*Data extract:*
--- START ---
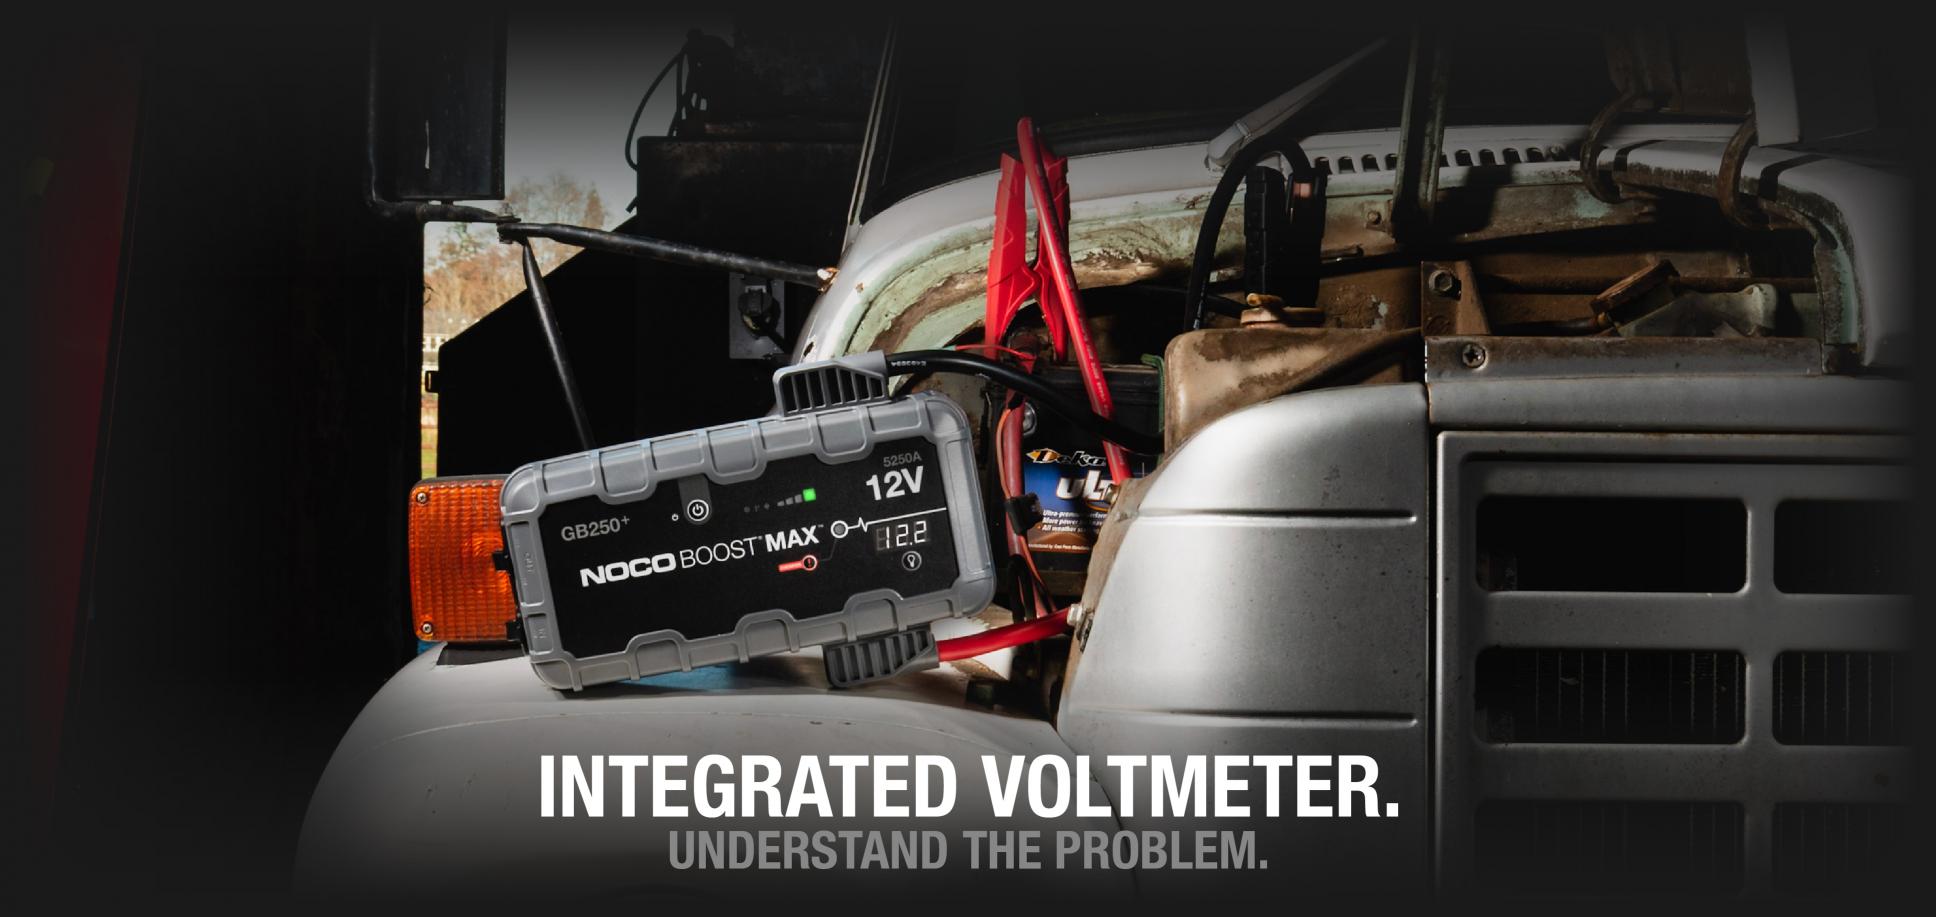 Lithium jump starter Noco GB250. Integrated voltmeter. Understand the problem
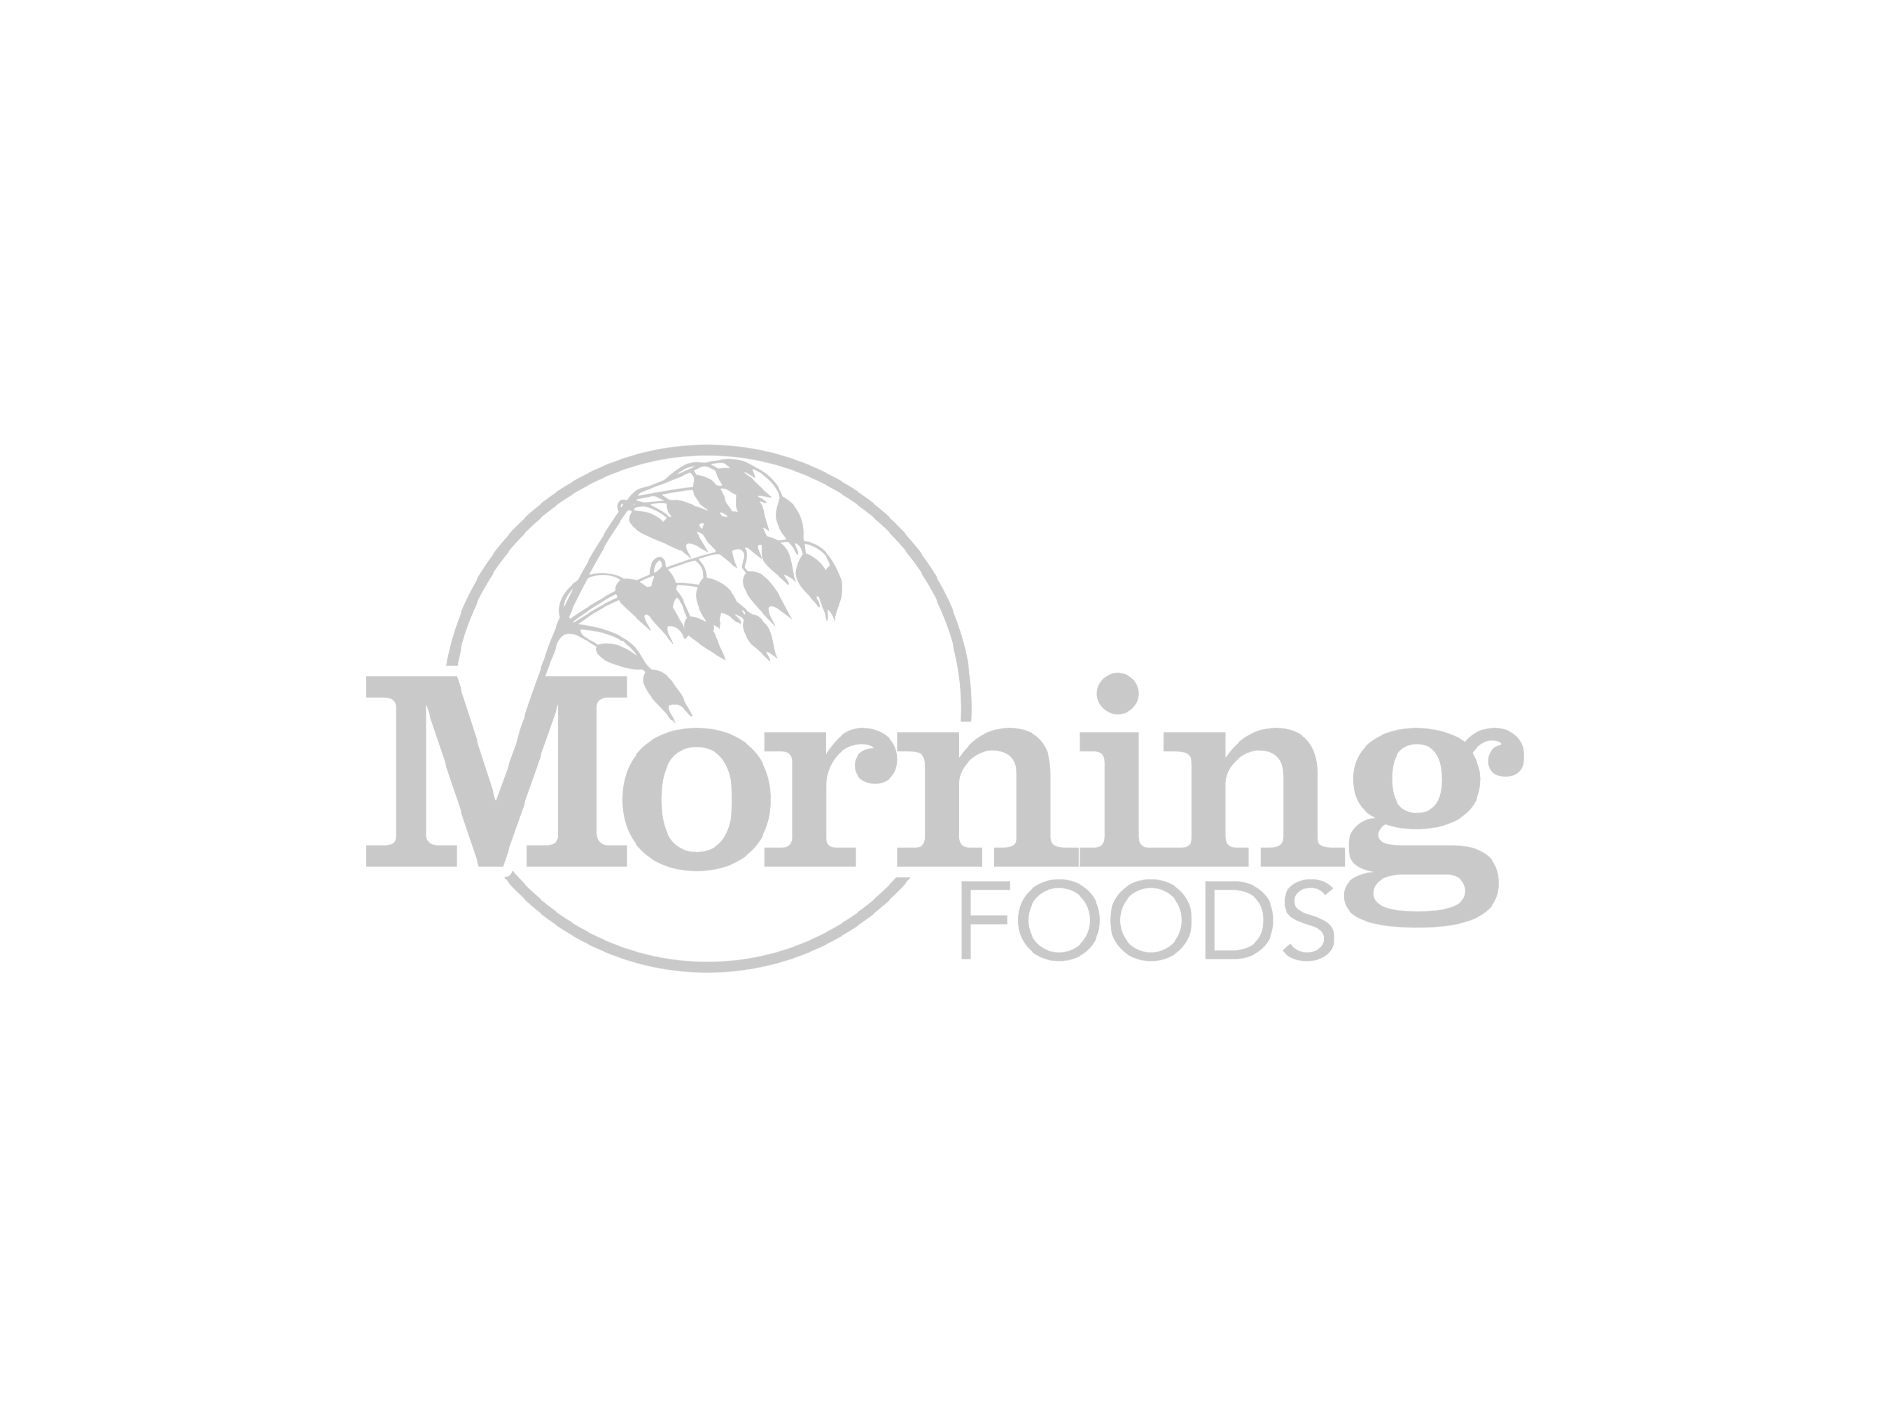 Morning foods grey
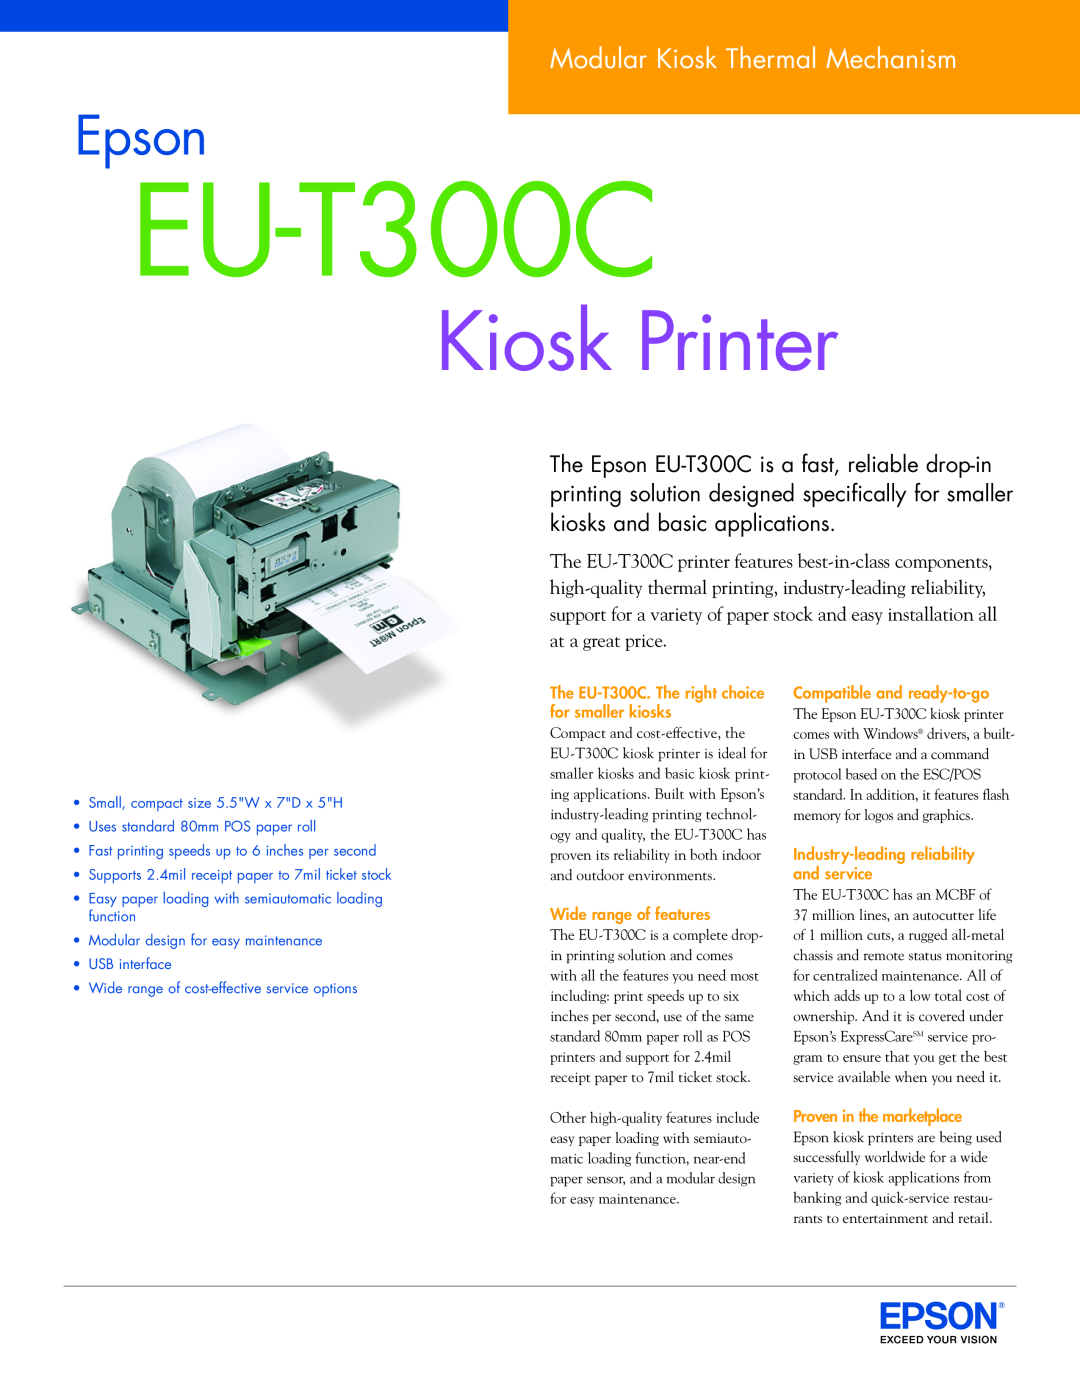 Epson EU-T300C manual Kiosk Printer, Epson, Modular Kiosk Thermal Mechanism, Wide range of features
--- END ---
*Work instruction:* Output each line of the listing above, word for word, from the one holding "Morning foods grey" through the last line, both included; omit the pictures.

*Answer below:*
 Morning foods grey
 Epson EU-T300C manual Kiosk Printer, Epson, Modular Kiosk Thermal Mechanism, Wide range of features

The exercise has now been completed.